He graduated from Williams College with a B.A. in 1980 as a Valedictorian, Summa Cum Laude, with Highest Honours in Mathematics and an additional concentration in Physics. He was awarded a Herchel Smith fellowship to study at the University of Cambridge in England and he spent the academic year 1980-81 at Emmanuel College, Cambridge. He was placed first in Part II of the Mathematical Tripos. He then returned to the United States to begin research in 1981 at Harvard University. He explains in [6] how he managed to obtain a Ph.D. from Harvard with Dennis Sullivan as his thesis advisor, although Sullivan did not work at Harvard:-
I had been doing some computer work with David Mumford on Kleinian groups before I graduated, and I got interested in that subject. But I actually ended up writing my thesis with Dennis Sullivan, who at that time was a professor at City University in New York and the Institut des Hautes Études Scientiques at France. So I was very lucky that David Mumford introduced me to him in the last year of my graduate career, at which point I had no advisor and no thesis topic. And I went to France and worked with Sullivan at Institut des Hautes Études Scientiques for a semester, and I met Steve Smale there who gave me this nice thesis problem on solving polynomial equations by iteration.

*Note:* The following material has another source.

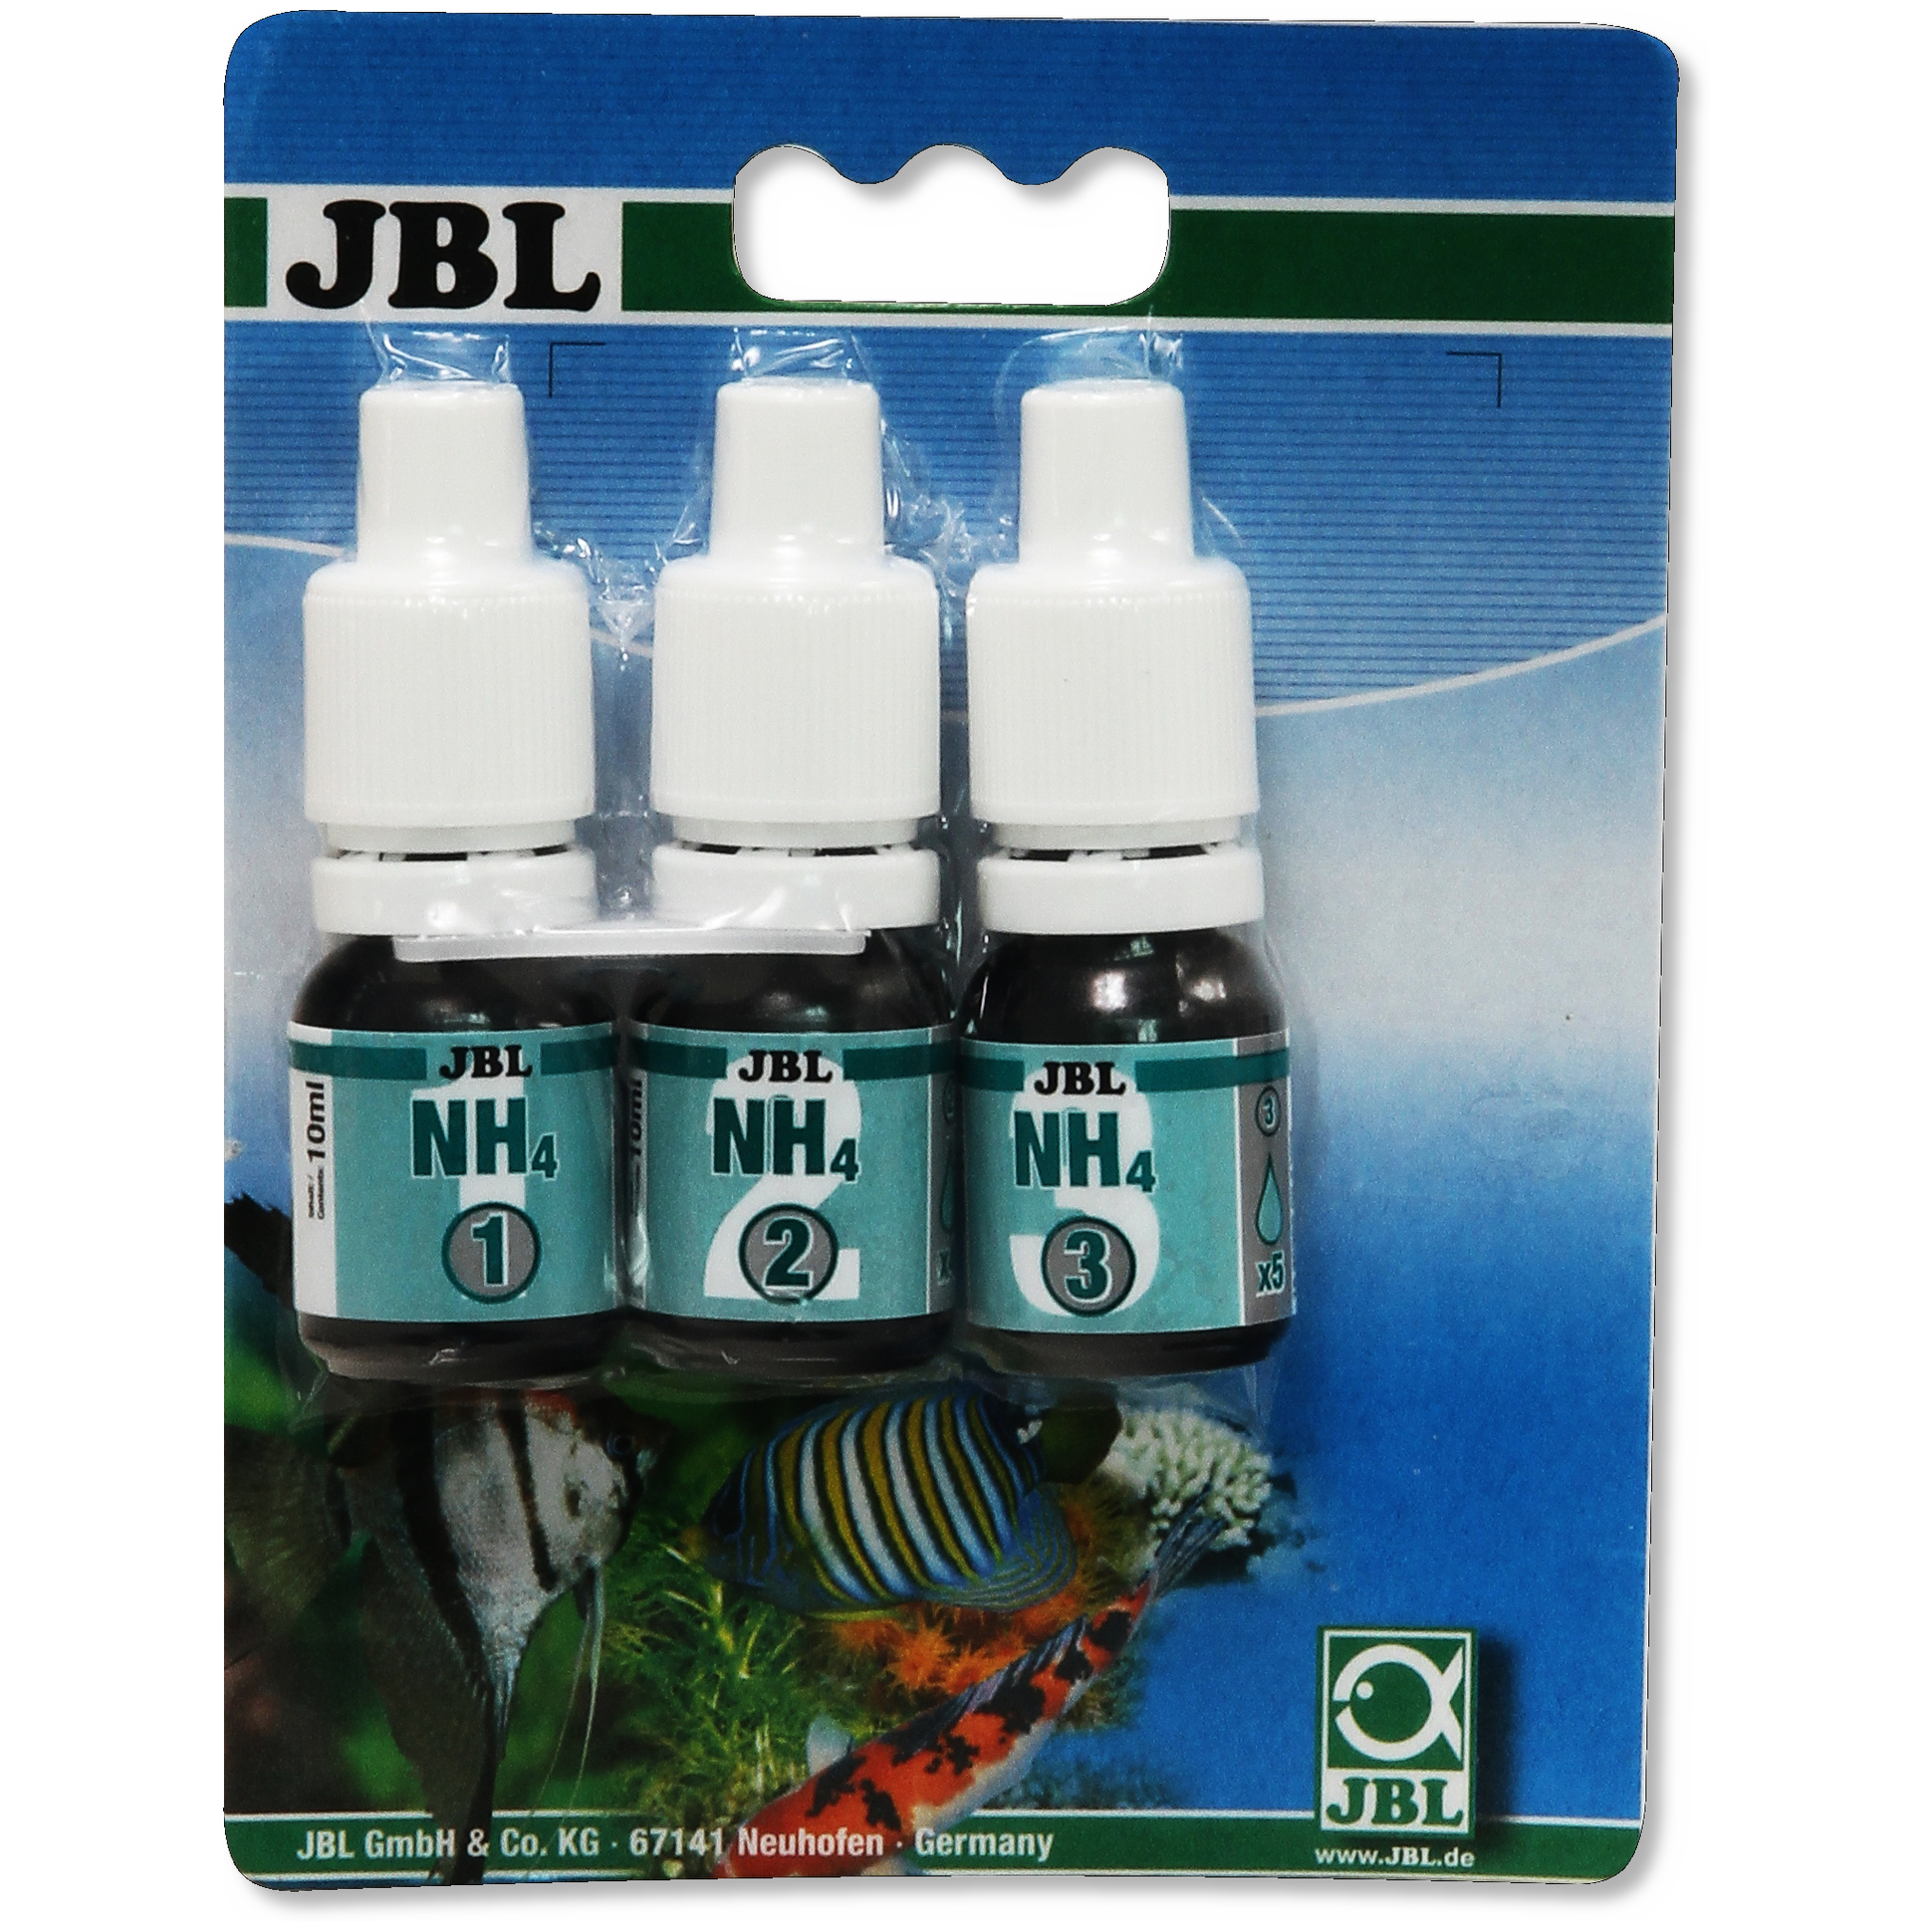 JBL NH4 Ammonium Test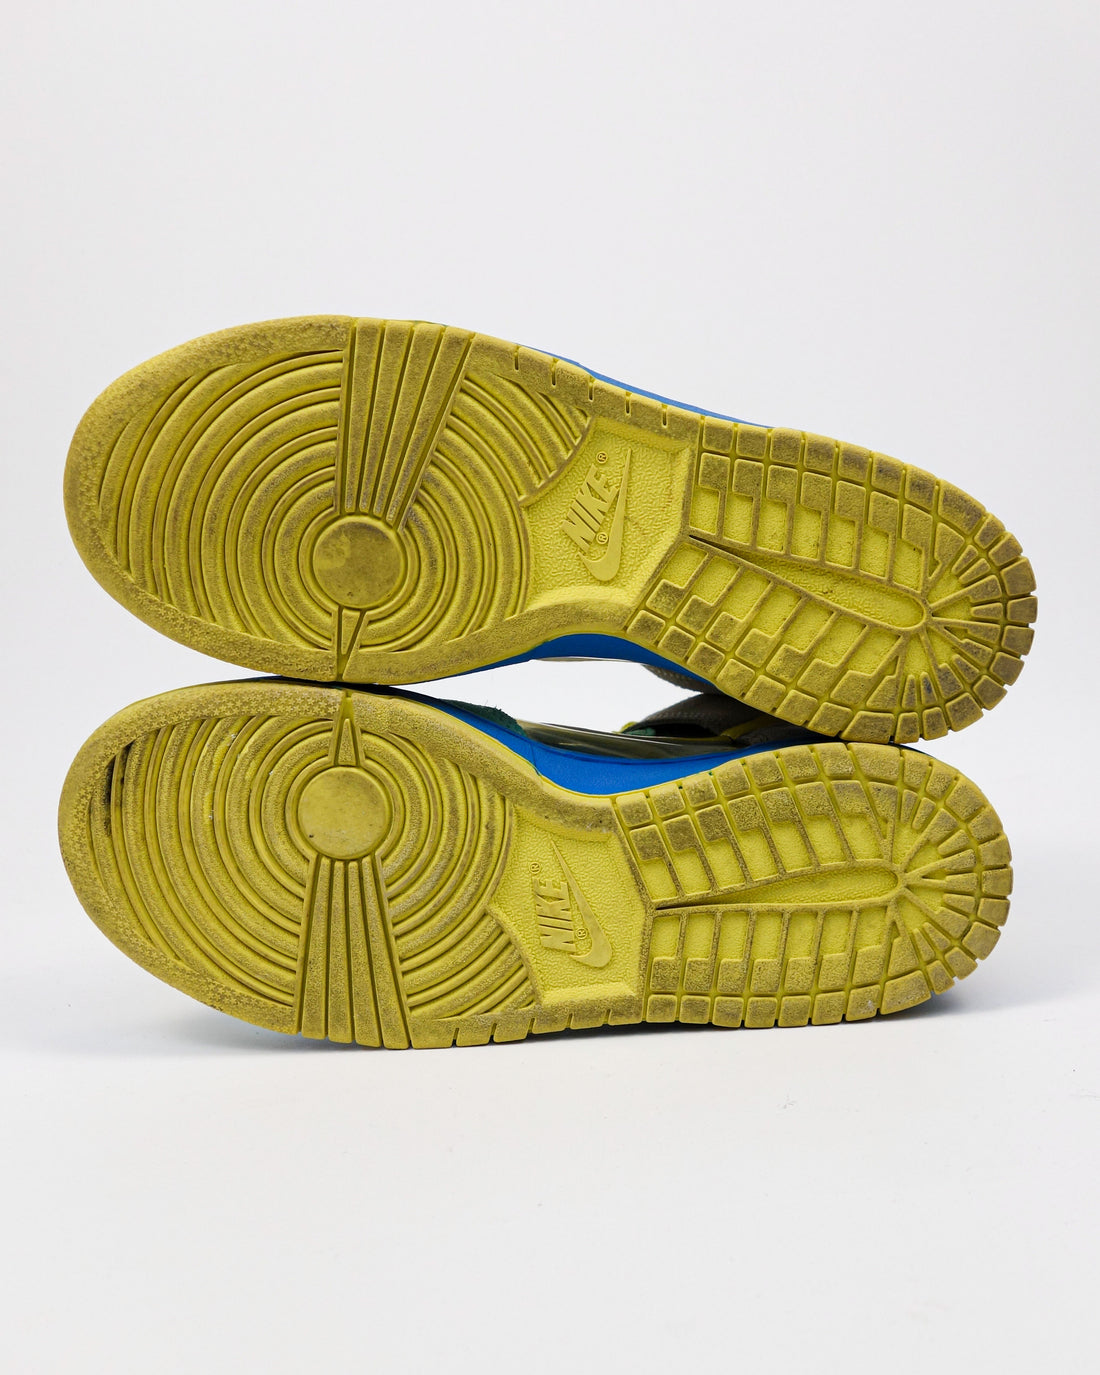 Nike Dunk High 6.0 'Mint Yellow Translucent' 2008

During each of the summers from 1980 to 1985 McMullen undertook combinatorial research and computer programming at the IBM Watson Research Center, Yorktown Heights, New York. His work there involved VLSI design problems: graph theory, logic synthesis, boolean minimization, and sparse matrix processing. At Yorktown Heights [6]:-
... Mandelbrot and Mumford were almost collaborating; Mandelbrot was furnishing access to computers at Yorktown Heights to Mumford, who was drawing these beautiful pictures of limit sets of Kleinian groups. As somebody who was conversant with the computer world at Yorktown, I started working for him as his computer programmer, helping him draw these pictures and so forth.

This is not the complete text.